Choose the Content to Index

This section explains how to configure the connector so that it retrieves the content that you want to index, and nothing else.

Restrict the Content to Process

The content in SharePoint is organized in the following structure.

Web Application (on-premise only) 
  |- Site Collection
       |- Site
            |- Site
            |    |- ...
            |- Document Library
            |    |- File
            |    |    |- File version(s)
            |    |- Folder
            |         |- File
            |              |- File version(s)
            |- List 
                 |- List Item
                      |- Attachment(s)
                 |- Folder
                      |- List Item
                           |- Attachment(s)

There can be multiple site collections, and multiple sites within a site or site collection. There can be multiple lists and document libraries within a site, multiple folders and files within a document library, and so on.

NOTE: Instances of SharePoint Online have a single site collection at the root level, and no concept of Web Applications.

You can restrict the content to retrieve by setting the following configuration parameters:

  • SiteCollectionUrlCantHaveRegex and SiteCollectionUrlMustHaveRegex restrict the site collections to process, when you are retrieving information from a Web Application (SharePointUrlType=WebApplication).
  • SiteUrlCantHaveRegex and SiteUrlMustHaveRegex restrict the sites to process. If a site is excluded the connector does not index a document for the site and ignores all lists, list items, files, file versions, and attachments contained by the site.

    NOTE: If a site is excluded, its child sites are still processed, unless they are also excluded by one of the regular expressions.

  • ListUrlCantHaveRegex and ListUrlMustHaveRegex restrict the lists and document libraries to process. If a list or document library is excluded, the connector does not index a document for the list or document library and ignores all list items, files, file versions, and attachments contained in the list or document library.

  • ListItemUrlCantHaveRegex and ListItemUrlMustHaveRegex restrict the list items or files to process.
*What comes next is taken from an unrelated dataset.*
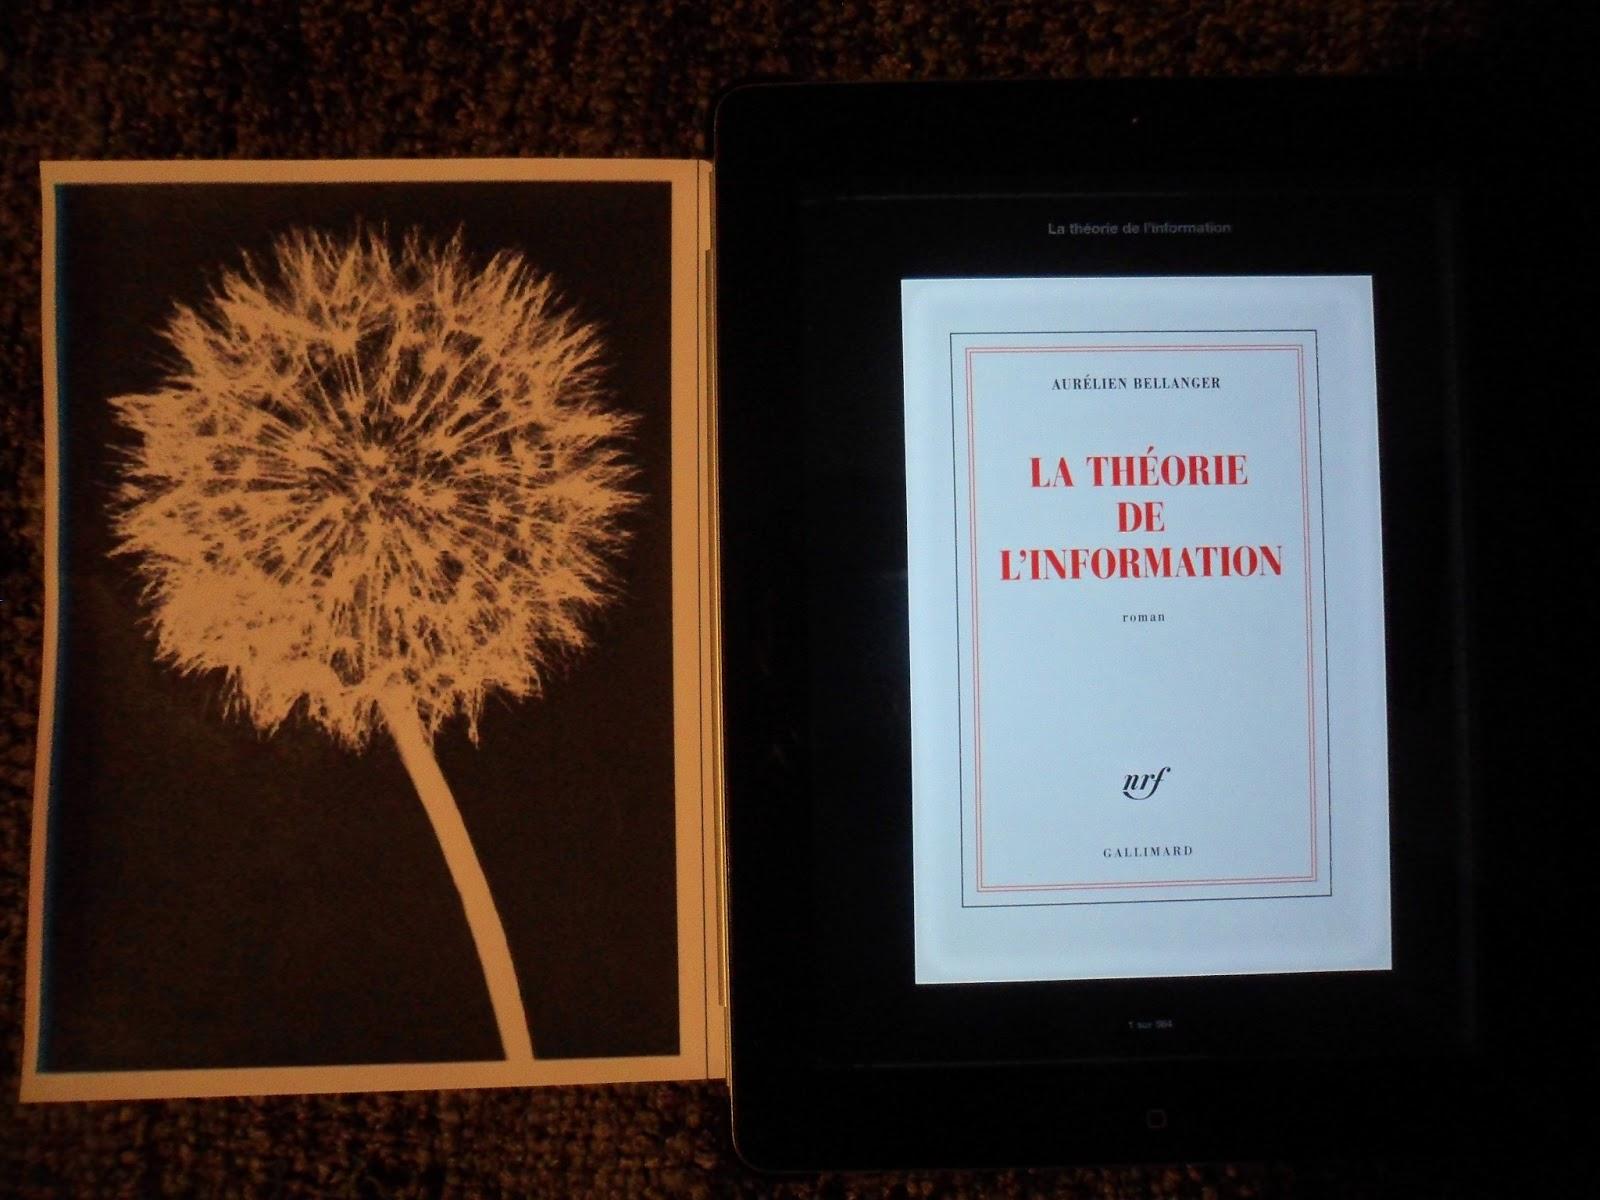 http://blowawaydandelion.blogspot.fr/

If a list item or file is excluded, the connector does not index a document for the list item or file, and ignores all file versions and attachments for that list item or file.

  • IndexAttachments specifies whether to index attachments for list items that are processed.
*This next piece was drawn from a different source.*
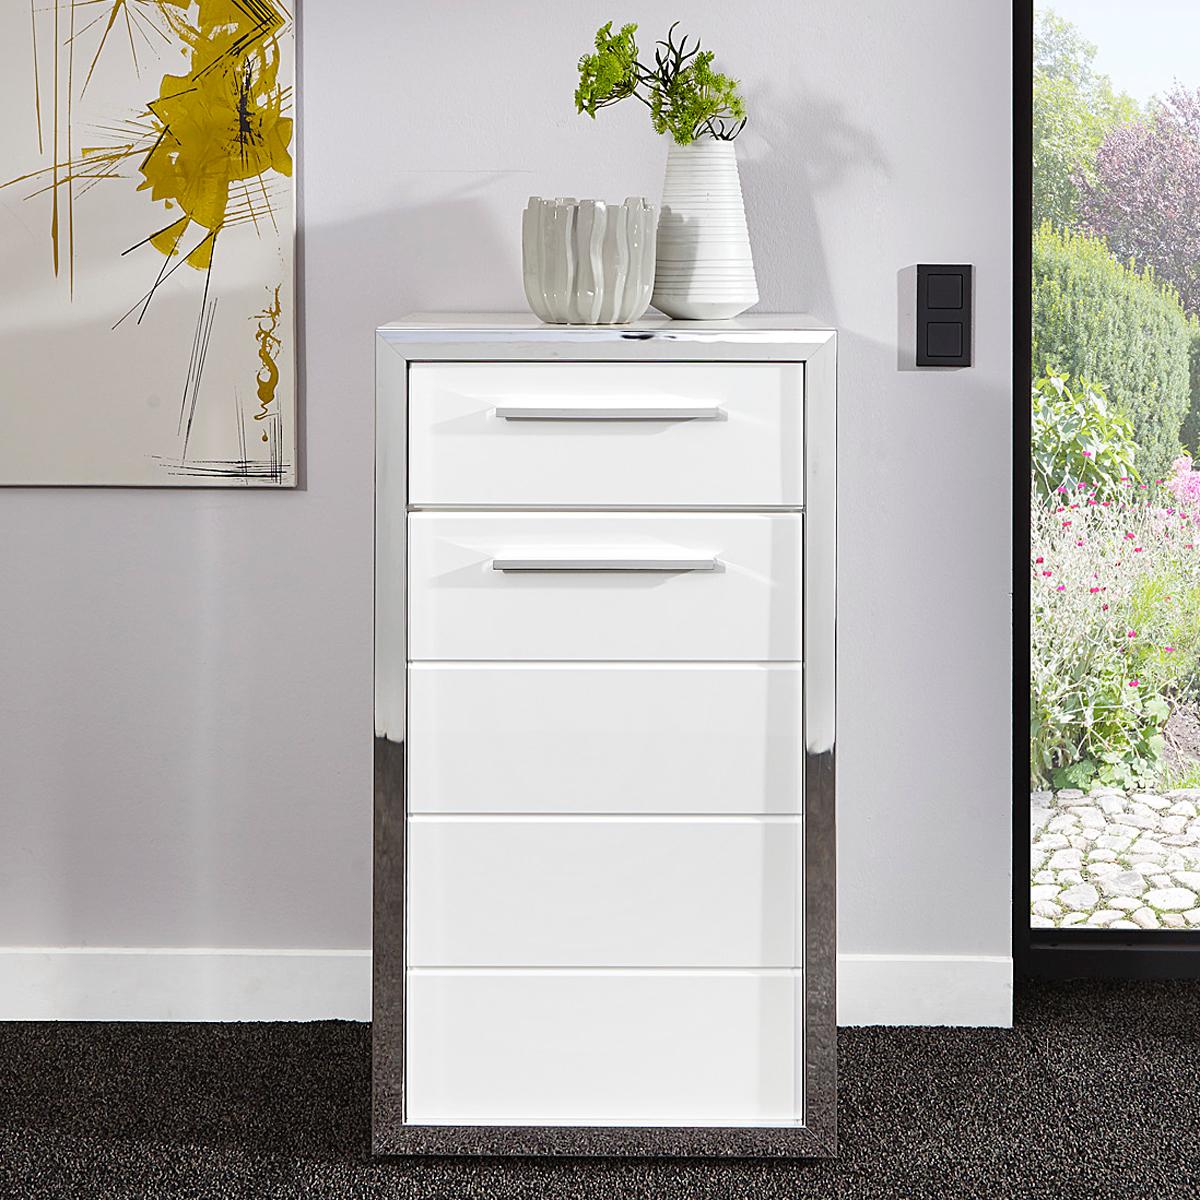 kommode ego 1 t rig schrank wei hochglanz rahmen chromgl nzend ebay. Black Bedroom Furniture Sets. Home Design Ideas

  • IndexFileVersions and VersionIndexingMode specify which file versions to index for files that have versioning enabled.
  • FileExtnCantHaveCSVs and FileExtnMustHaveCSVs restrict the files and attachments to process, based on their file extension.
  • IndexSites, IndexLists, and IndexFolders specify whether to index a metadata-only document for each container object (sites, lists, and folders respectively).

 

The connector performs best if you choose the objects to process at the highest possible level. Take for example the following structure:

   http://sharepoint/                           Site Collection   
   http://sharepoint/site1/                     Site
   http://sharepoint/site1/List1                List
   http://sharepoint/site1/List1/Item1          List Item
   http://sharepoint/site1/List1/Item2          List Item
   http://sharepoint/site1/List2                List
   http://sharepoint/site1/List2/Item1          List Item
   http://sharepoint/site1/List2/Item2          List Item
   http://sharepoint/site2/                     Site
   http://sharepoint/site2/List1                List
   http://sharepoint/site2/List1/Item1          List Item
   http://sharepoint/site2/SubSite/             Site
   http://sharepoint/site2/SubSite/List1        List
   http://sharepoint/site2/SubSite/List1/Item1  List Item

You could ignore all content from site1 by configuring ListUrlCantHaveRegex=http://sharepoint/site1/.*, but the connector would have to process site1, and all of the lists on that site, just to determine that the lists should be ignored. A more efficient configuration is SiteUrlCantHaveRegex=http://sharepoint/site1/, because the connector can immediately determine that nothing from that site has to be processed.

Similarly, you could ignore content on site2, but still index content on site2/subsite, by configuring ListUrlCantHaveRegex=http://sharepoint/site2/List.*. However, the connector would have to process site2 and all of the lists on that site, just to determine that the lists should be ignored. A more efficient configuration would contain SiteUrlCantHaveRegex=http://sharepoint/site2/$, so that the connector can immediately determine that nothing from site2 has to be processed. The URL for site2/subsite does not match the regular expression http://sharepoint/site2/$, so content from site2/subsite is still processed.

Index Content that does not appear in Search Results

In SharePoint, a user can choose whether to allow items from a list or document library to appear in search results. Users can also choose whether to allow publishing pages (a type of list item) to appear in search engine results, using Search Engine Optimization (SEO) settings. In both cases, by default, the connector ignores items that do not appear. You can choose to modify this behavior:

  • To index a list or document library regardless of whether it appears in search results, set the configuration parameter IgnoreNoCrawl to True.
  • To index publishing pages regardless of SEO settings, set the configuration parameter IgnoreRobotsNoIndex to True.